At the mention of blood, Ricardo’s mouth watered. A hunger woke in him, like a creature writhing in his belly. Each time Diego said the word, his vision clouded. He shook himself to remain focused on the hills before them.

“I know how it is with you,” Diego said. “We all went through this.”

“Though the rest of us were perhaps not so holy to start with.” Again they laughed, like young men riding to a night of revelry. That was what they looked like, what anyone who saw them would think. Not that anyone would see them out here. That was the point, to feed on as much blood as they wished without notice. A land of riches. Diego had not lied.

“It’s eating away inside me,” Ricardo said under his breath.

“The blood will still that,” said Rafael. “The blood will keep you sane.”

“Ironic,” Ricardo said. “That you must become a monster to keep from going mad.”

“Ha. I never thought of it like that,” Diego said.

He is already mad, Ricardo thought.

They rode for hours. They could not go far—half the night, he thought. Then they must go back, to take shelter before dawn. He could feel the night slipping away in his bones. It was the same part of him that now called out for blood.

Rafael said, “The villages nearby know of us. They go to the hills to hide, but we find them. Look toward the hills, take the air into your lungs. You can sense them, can’t you?”

The air smelled of dust, heat, sunlight that had baked into the land during the day and now rose into the chill of night, lost in the darkness. The breeze spoke of emptiness, of a vast plain where nothing larger than coyotes lived. When he turned toward the hills, though, he smelled something else. The warmth had a different flavor to it: life.

When they brought him the child, he had known what was there before he saw it.

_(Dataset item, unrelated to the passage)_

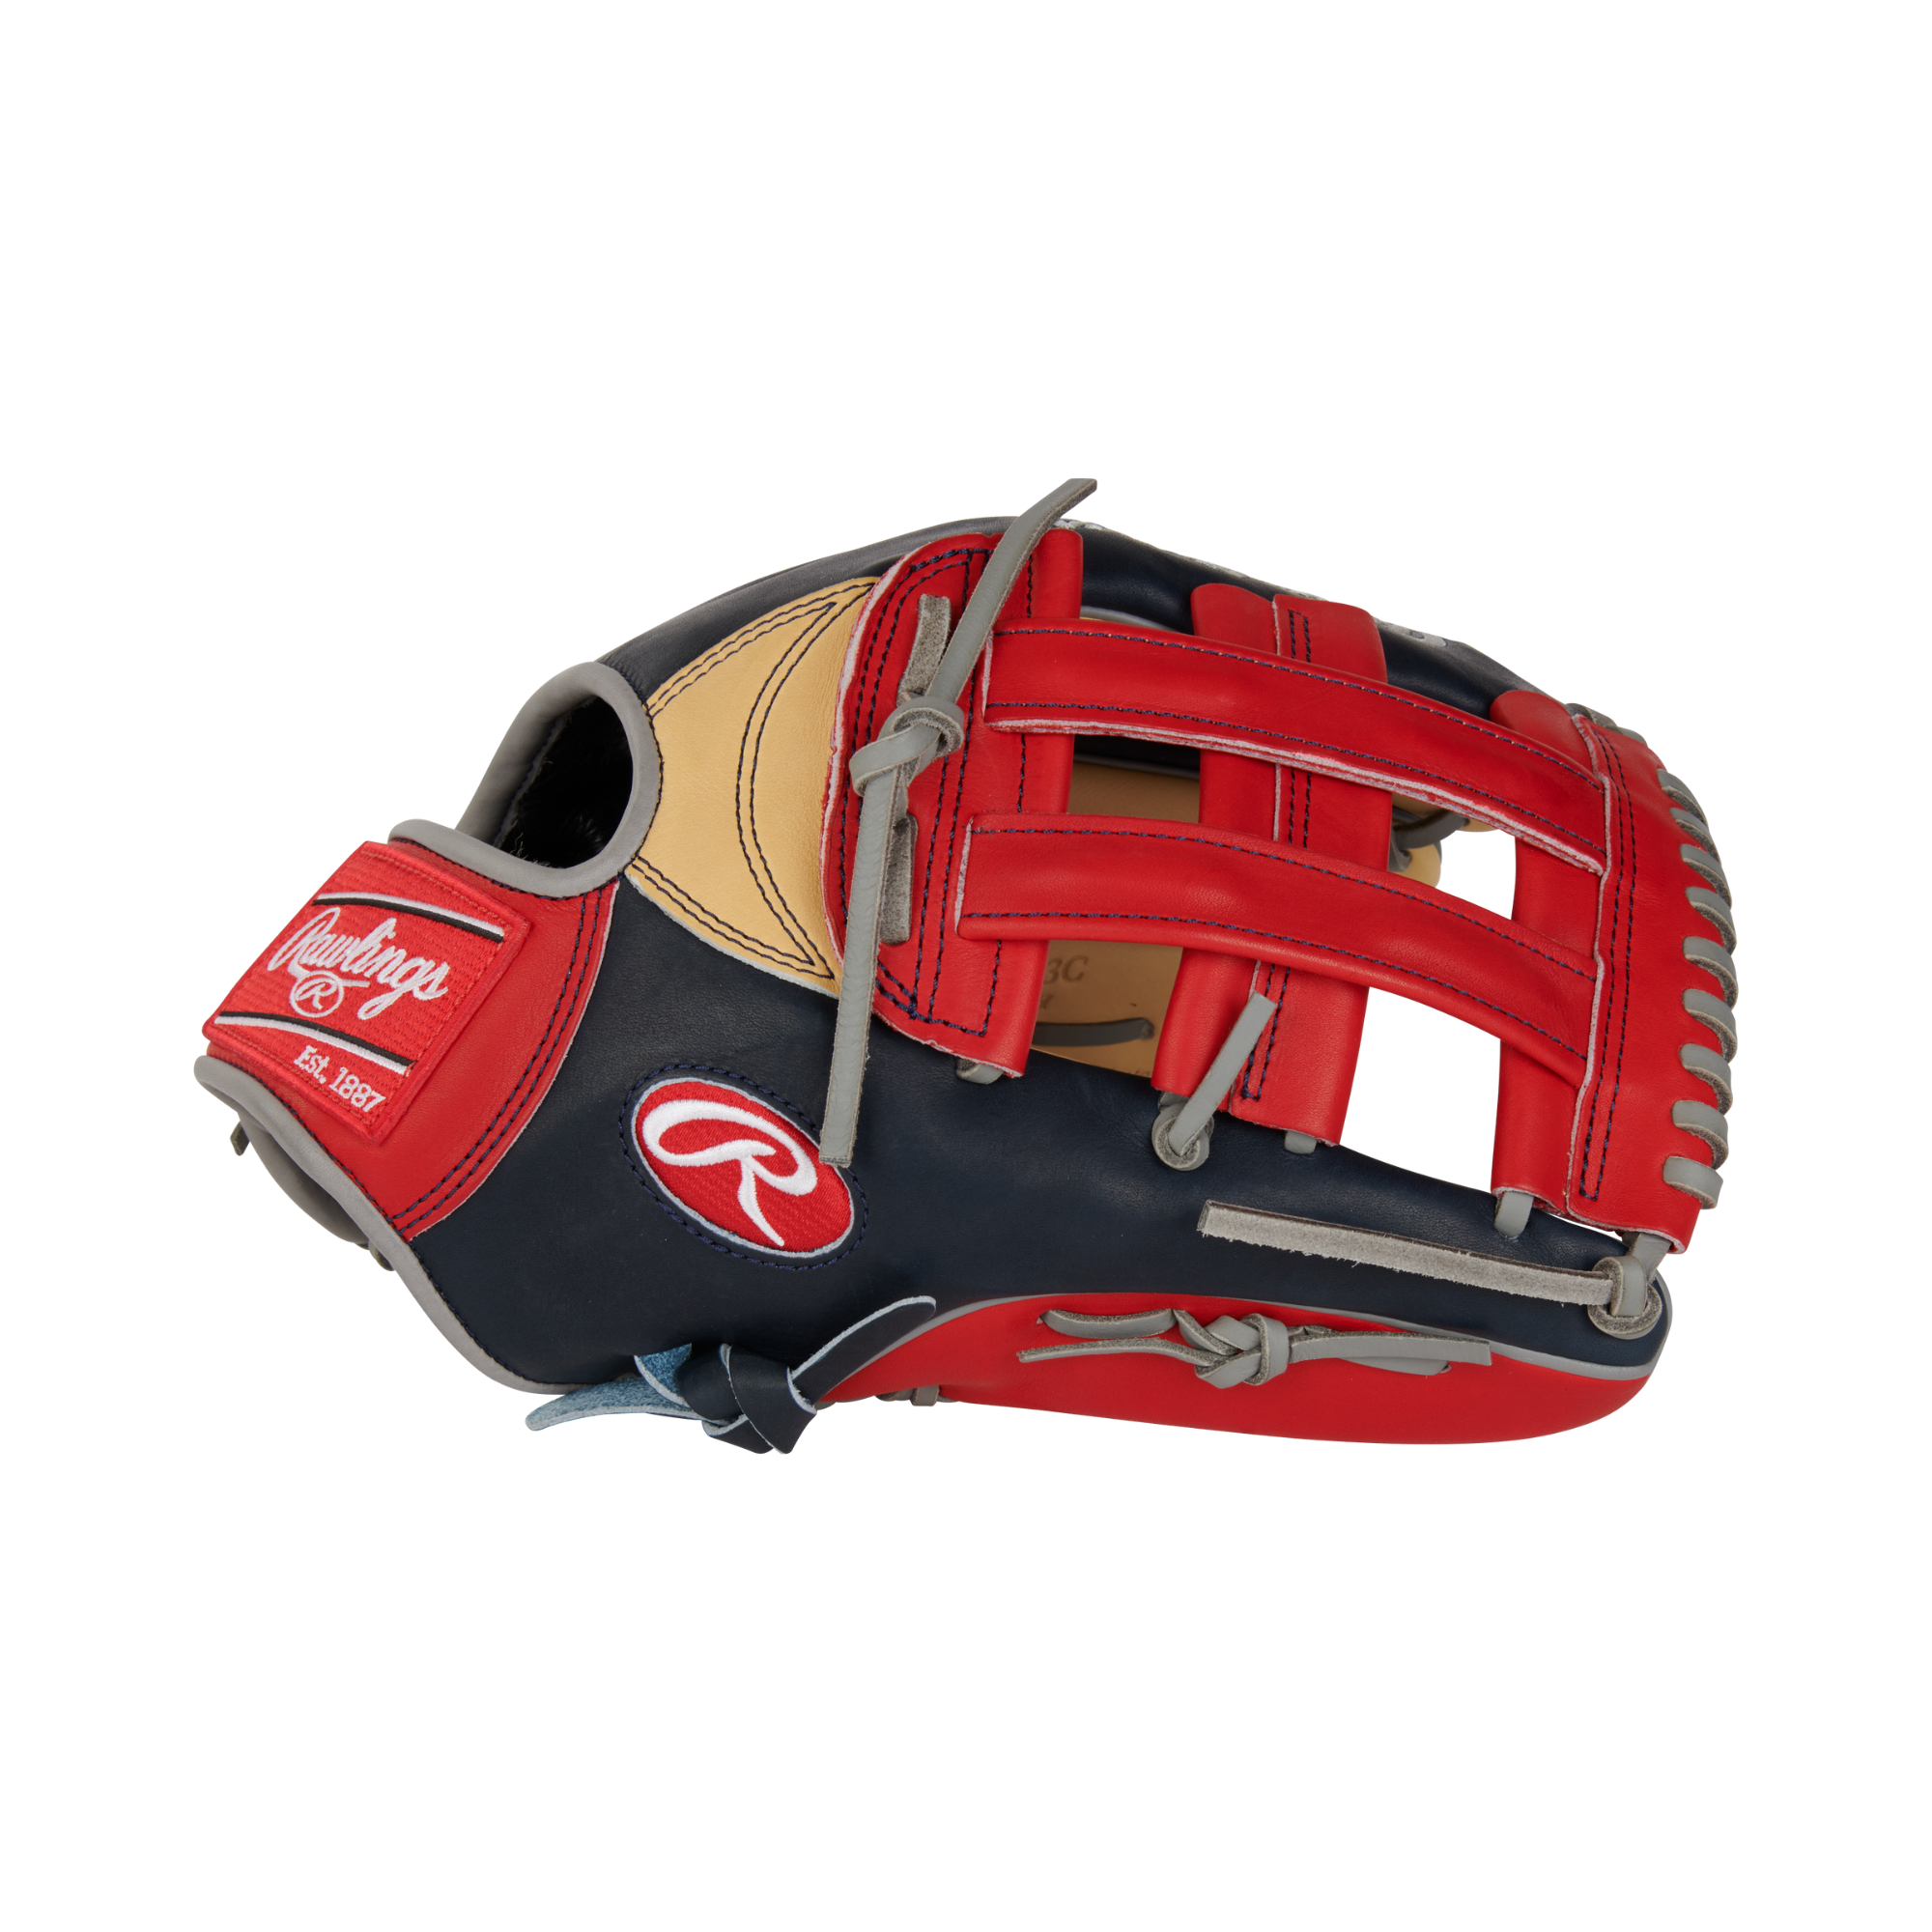 Rawlings Pro Preferred Series Baseball Glove R. Acuna Gameday Pattern 12.75" LHT

He could feel its life in the currents of the air; sense its heartbeat sending out ripples, like a stone tossed into a body of still water. A live person made a different mark on the world than one of these demons.

“Our kind are drawn to them, like iron to a lodestone,” Diego said. “We cannot live without taking in the human blood we have lost. We are the wolves to their sheep.”

“And now you hunt. Like wolves,” said Ricardo.

“Yes. It’s good sport.”

“It’s a thousand childhood nightmares come to life.”

“More than that, even. Come on!”

He spurred his horse. Kicking dirt behind them, the other four followed.

It was just as Diego said: a hunt. The leader sent two of the caballeros to ascend the hill from a different direction. They flushed the villagers from their hiding places, where they lived in caves and lean-tos. Like animals, Ricardo could not help but think. Easier to hunt them, then, when one did not think of them as human. It was like facing the native tribes with Coronado all over again. The imbalance in strength between the two parties was laughable.